Nothing outside the lines below from the one containing "3 vw campervans" through the one containing "La robe-chemise : la" is to be printed; print those exactly, ends included, and drop the pictures.

§ **INFORMATION SHOWN**
· · · · · · ·
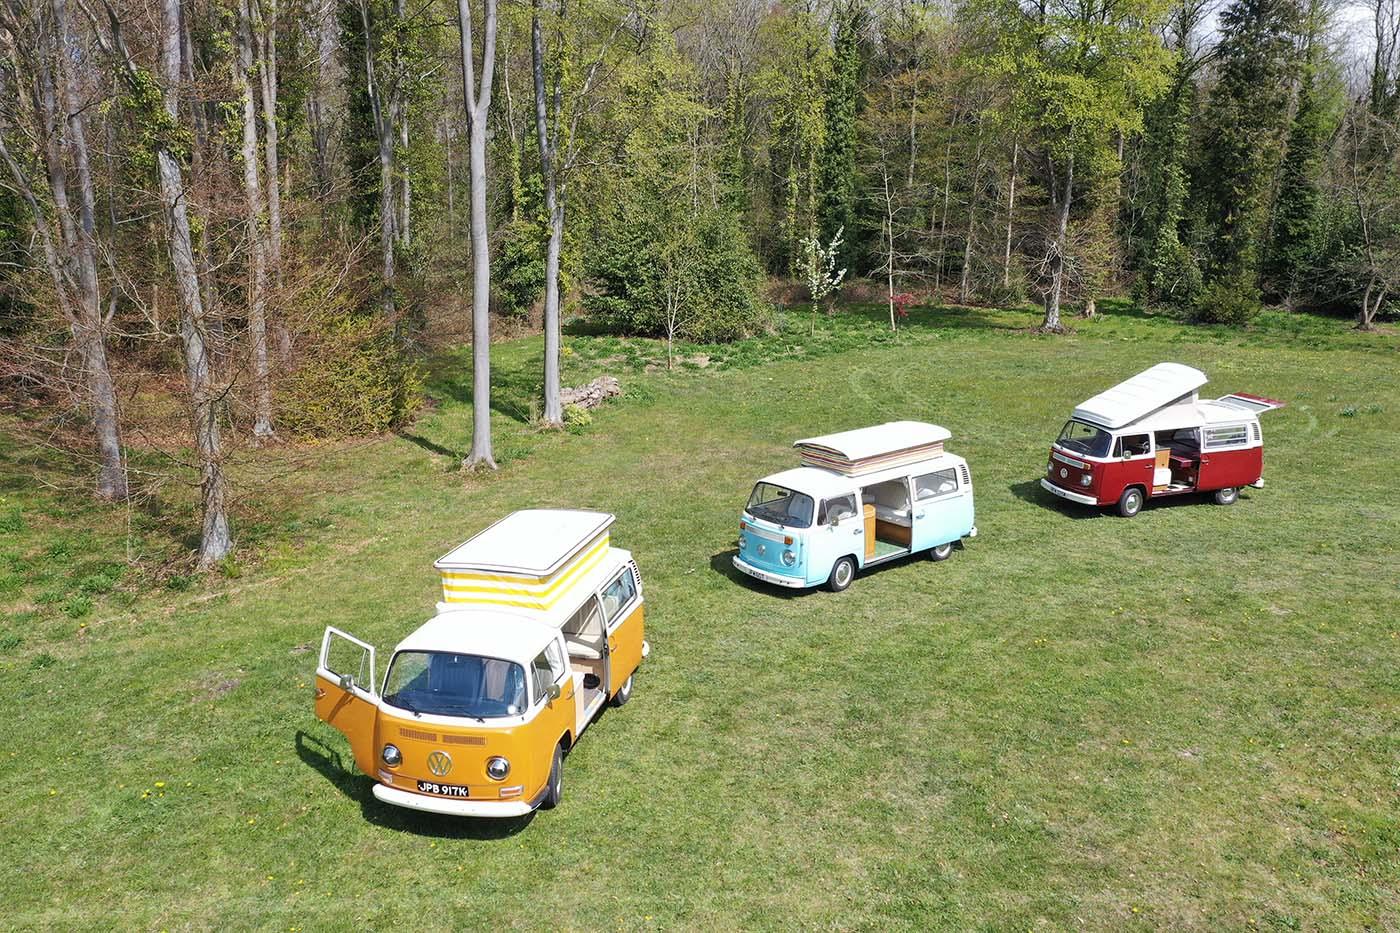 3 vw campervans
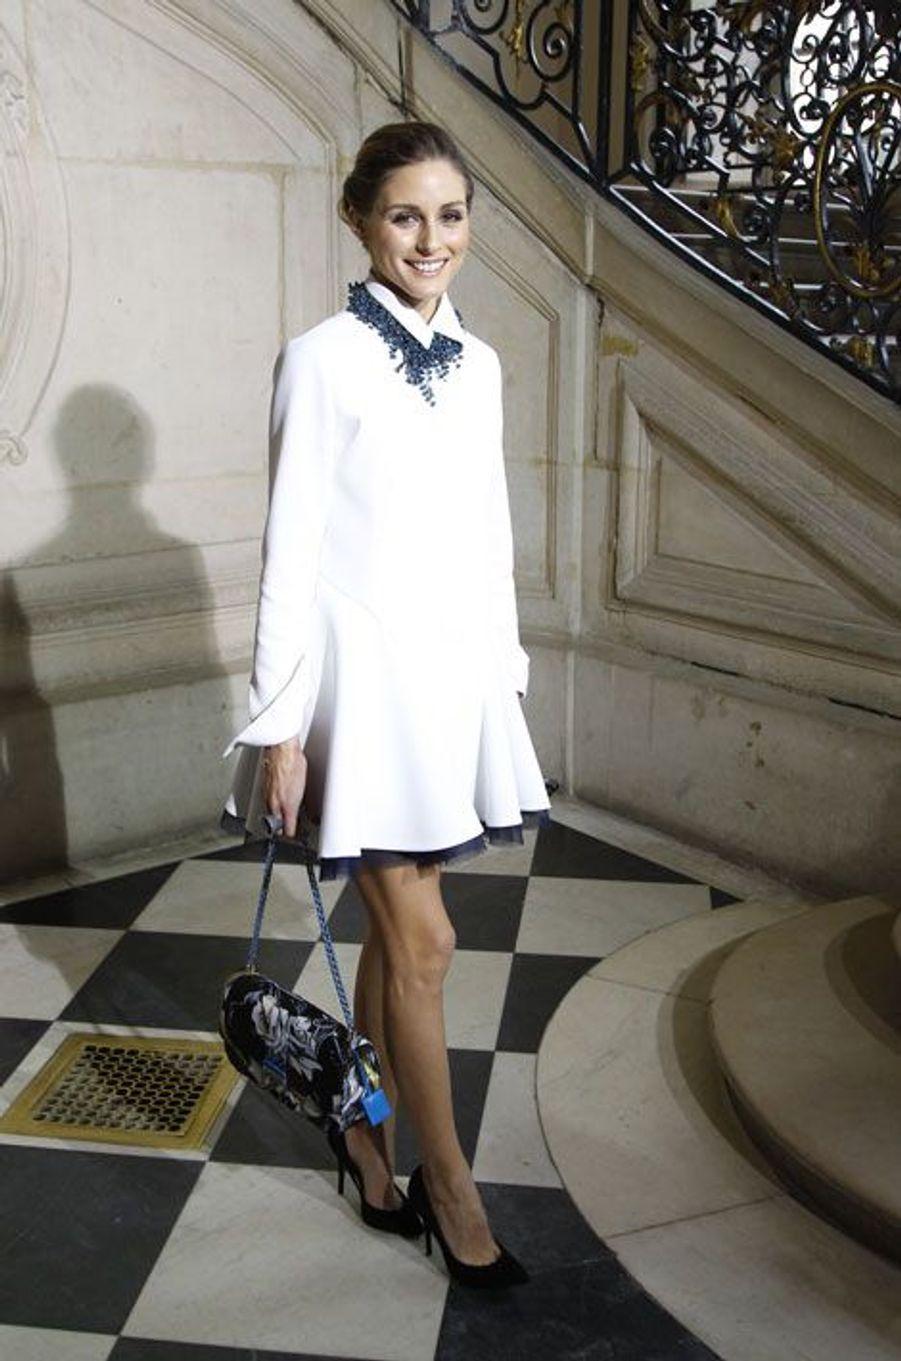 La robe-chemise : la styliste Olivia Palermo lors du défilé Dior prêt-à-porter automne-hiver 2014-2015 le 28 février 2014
· · · · · · ·
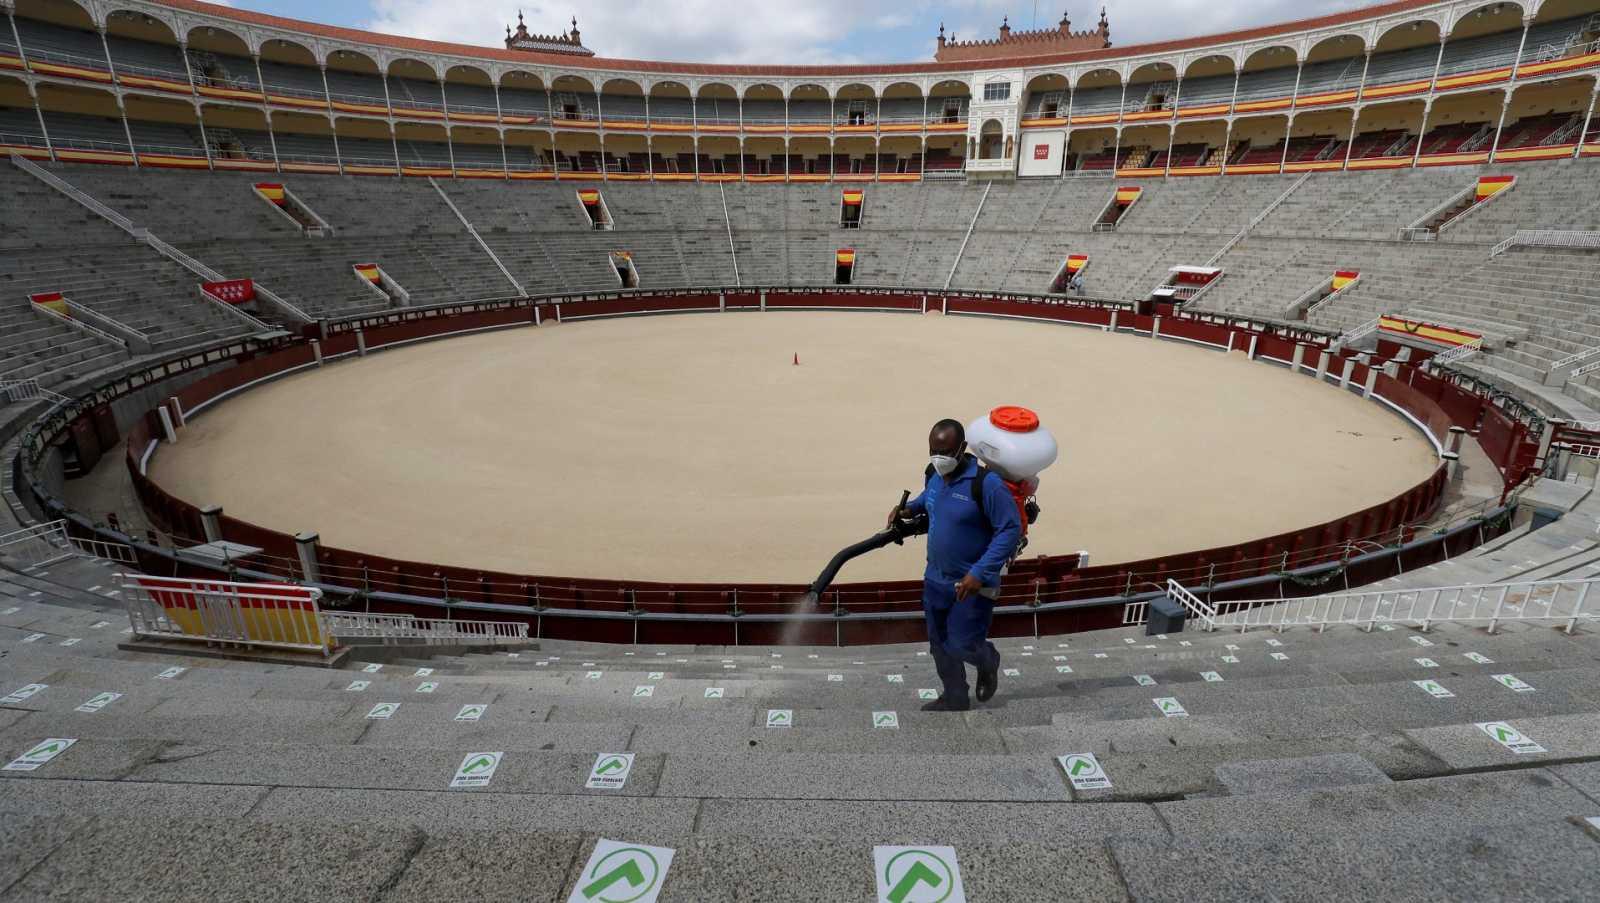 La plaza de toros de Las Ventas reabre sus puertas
· · · · · · ·
§ **ANSWER TO THIS EXERCISE**
 3 vw campervans
 La robe-chemise : la styliste Olivia Palermo lors du défilé Dior prêt-à-porter automne-hiver 2014-2015 le 28 février 2014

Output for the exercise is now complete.